Regra “PER SE” no direito antitruste brasileiro: um grande erro

Eduardo Molan Gaban

Desde o surgimento do sistema brasileiro de defesa da concorrência, é possível observar uma forte influência dos conceitos norte-americanos na sua estruturação. Por exemplo: para a avaliação da ocorrência de um ilícito antitruste no Brasil, sistematizaram-se duas metodologias “importadas” do direito norte-americano para a análise de casos concretos: a regra da razão e a regra “per se”. A diferença entre essas duas regras reside na quantidade de informação necessária antes da tomada de uma decisão pelo tribunal administrativo.

A partir da aplicação do padrão analítico “per se”, a conduta é considerada ilícita independentemente do contexto em que foi praticada, sendo desnecessária a análise de estrutura de mercado e de poder econômico do agente.
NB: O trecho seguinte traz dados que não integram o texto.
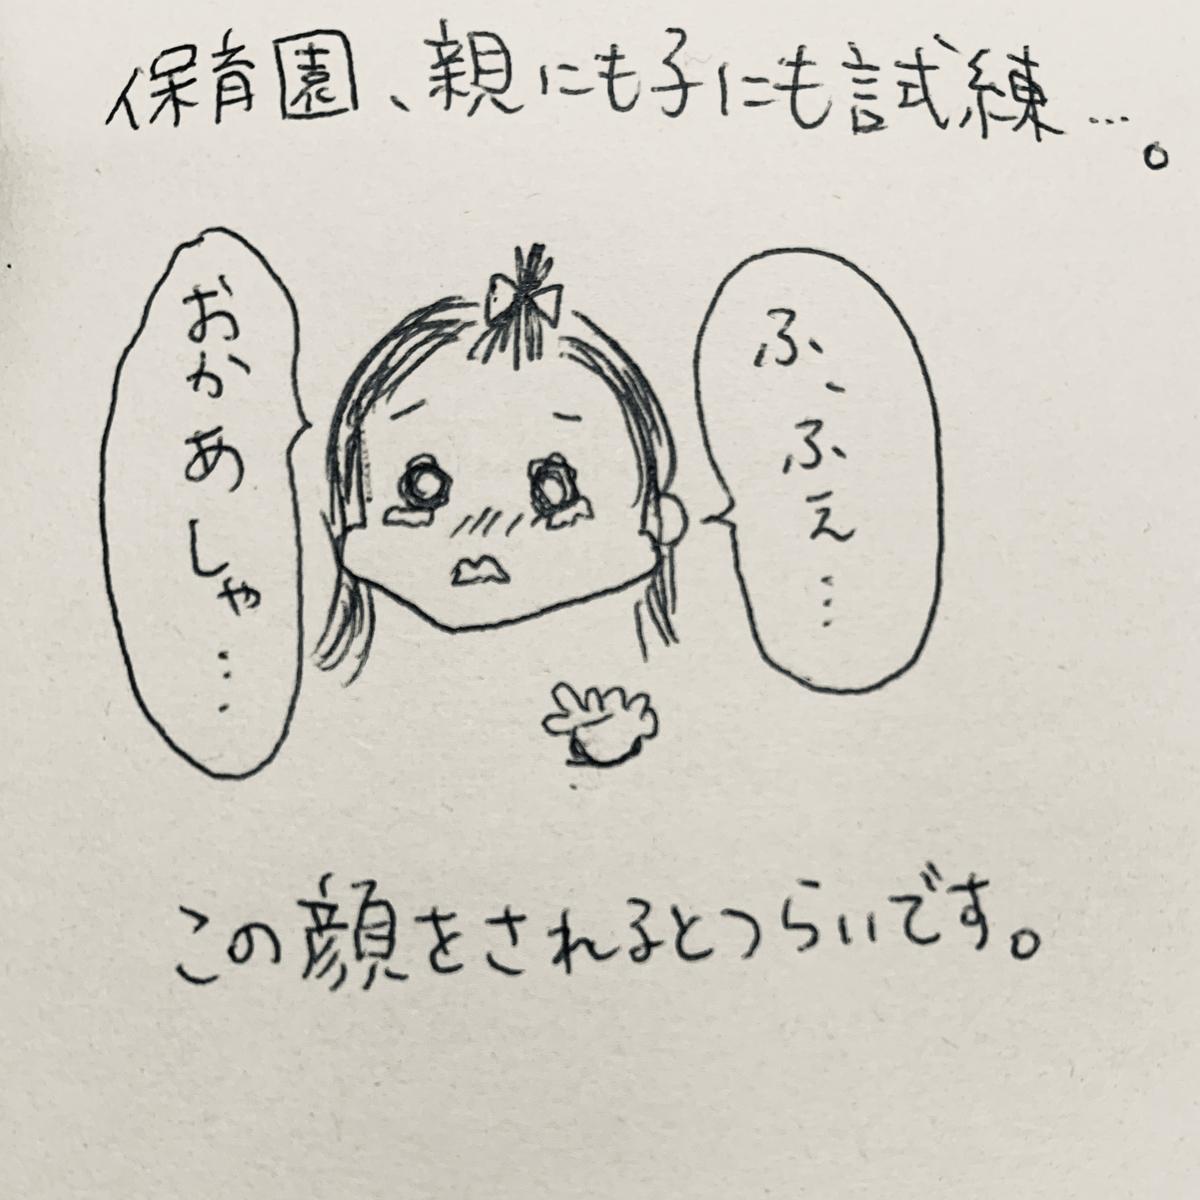 f:id:nananan0:20190410120126j:plain

Referida regra determina que, uma vez configuradas certas práticas, o ato poderá ser julgado como ilegal sem qualquer necessidade de aprofundamento das investigações[i].

Por meio da metodologia da razão, por sua vez, a conduta não pode ser, de pronto (ou pela mera identificação de sua existência), considerada ilícita. Esta regra apenas considera ilegais as práticas que restrinjam a concorrência de forma não razoável, sem justificativa. Em sendo aplicável esta regra, para que se chegue a uma conclusão sobre a ilicitude ou não da conduta, é necessária uma avaliação completa e detalhada de todas as circunstâncias envolvendo o caso sob análise, com verificação dos efeitos líquidos negativos para a concorrência, para que somente então seja considerada anticoncorrencial.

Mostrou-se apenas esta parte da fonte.